Thanks. On the one hand I agree that the profusion of TimelineFocus / TimelineFocusKind / TimelineFocusData is weird and confusing; it's grown organically according to our needs, and would benefit from getting refactored. Having a better abstraction to represent what's possible in one timeline kind or the other would indeed be great.

On the other hand, not sure a new trait is the best way to achieve this: most methods would be implemented exactly the same way, so apart from the "loader", I'm not sure we'd have some many things that are different from one impl to the other.

Besides, there's another big issue in our current design: we're using the all_remote_events to note all the events the current timeline knows about. For the live timeline, it's all good and well; after all, the live timeline is listening to all the events coming down from the sync, so they're indeed all the remote events.
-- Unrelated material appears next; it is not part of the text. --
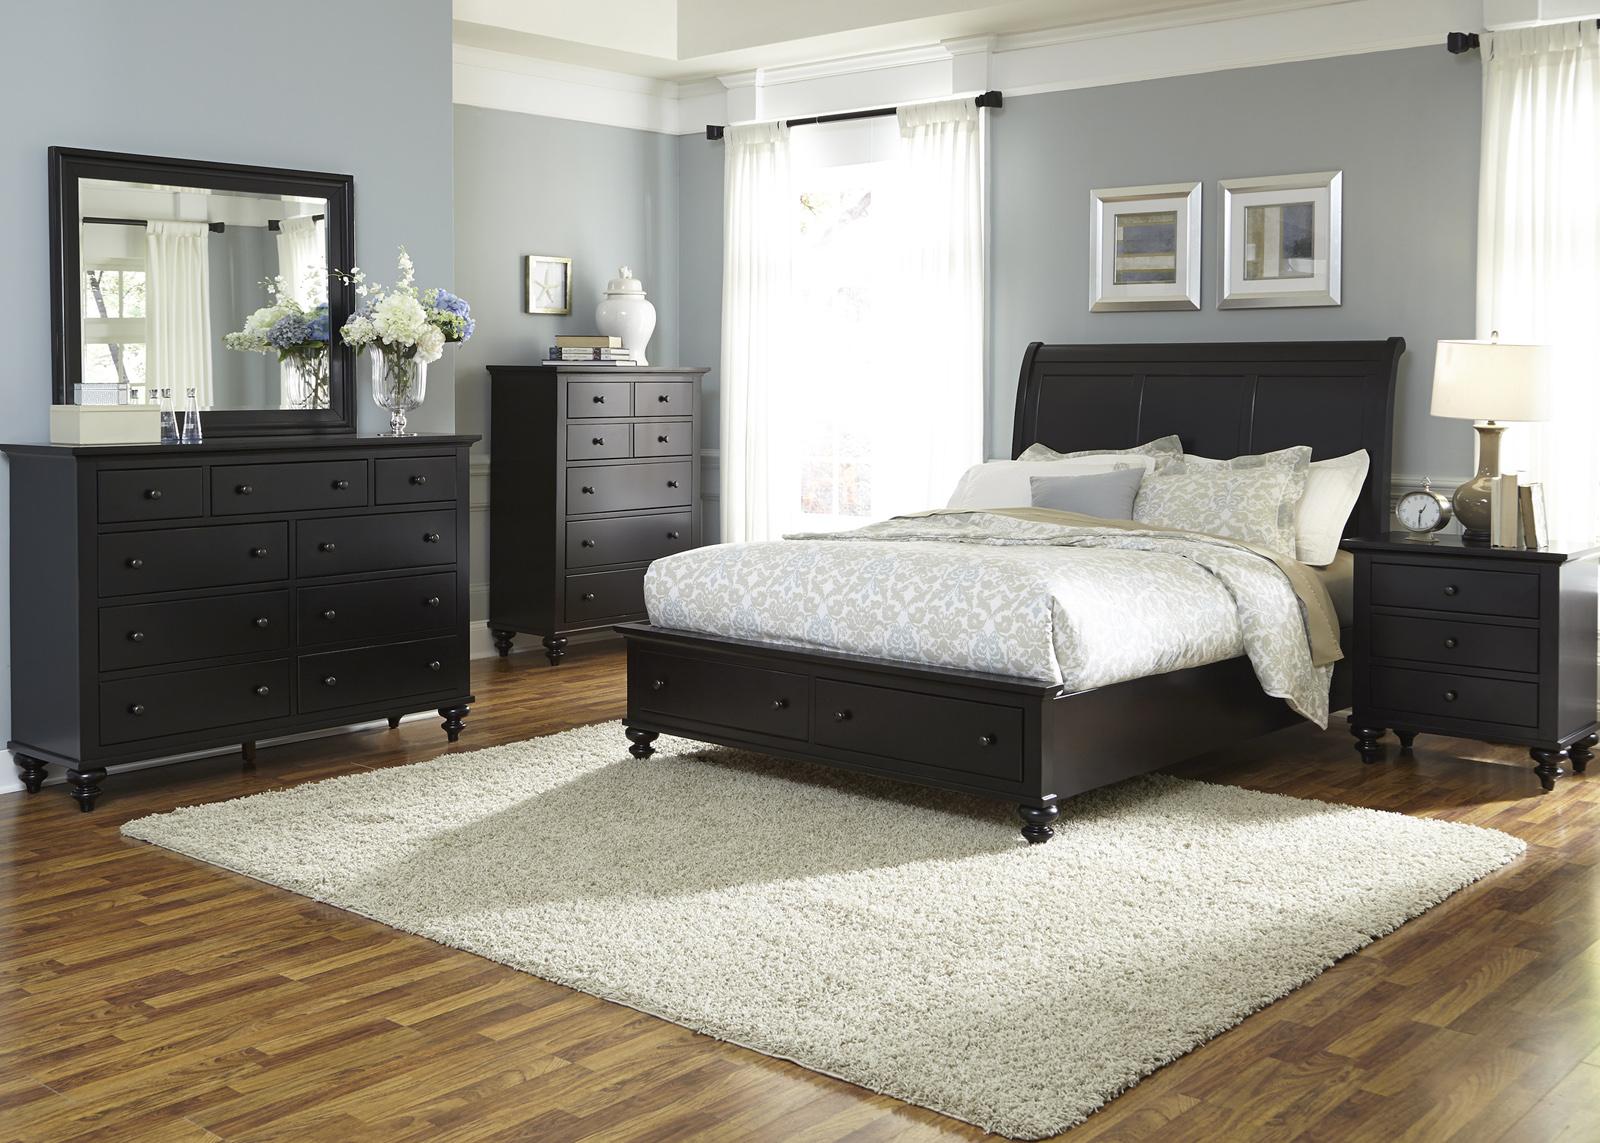 Liberty Furniture Hamilton III Storage Bedroom Set In

For the other timelines, though, it's a lie: we're still accumulating metadata from the events loaded in the context of those timelines, and putting them into all_remote_events, but they're not modeled after the live updates from the event cache. As a result, we can't apply the live updates in real-time (because the indices from the event cache updates won't match any of the events backing the non-live timeline), and have to complicate the implementation of handling live events related to a non-live timeline (see last commit in #5060).

This suggests that the "model" powering the timeline items should be different, whether we're on a live timeline, or a non-live timeline. It could be that a live timeline uses AllRemoteEvents, while other timelines have it too in addition to their actual Vec<TimelineEvent>. This might benefit from the abstraction we're talking about in this issue, be it a new trait or something else.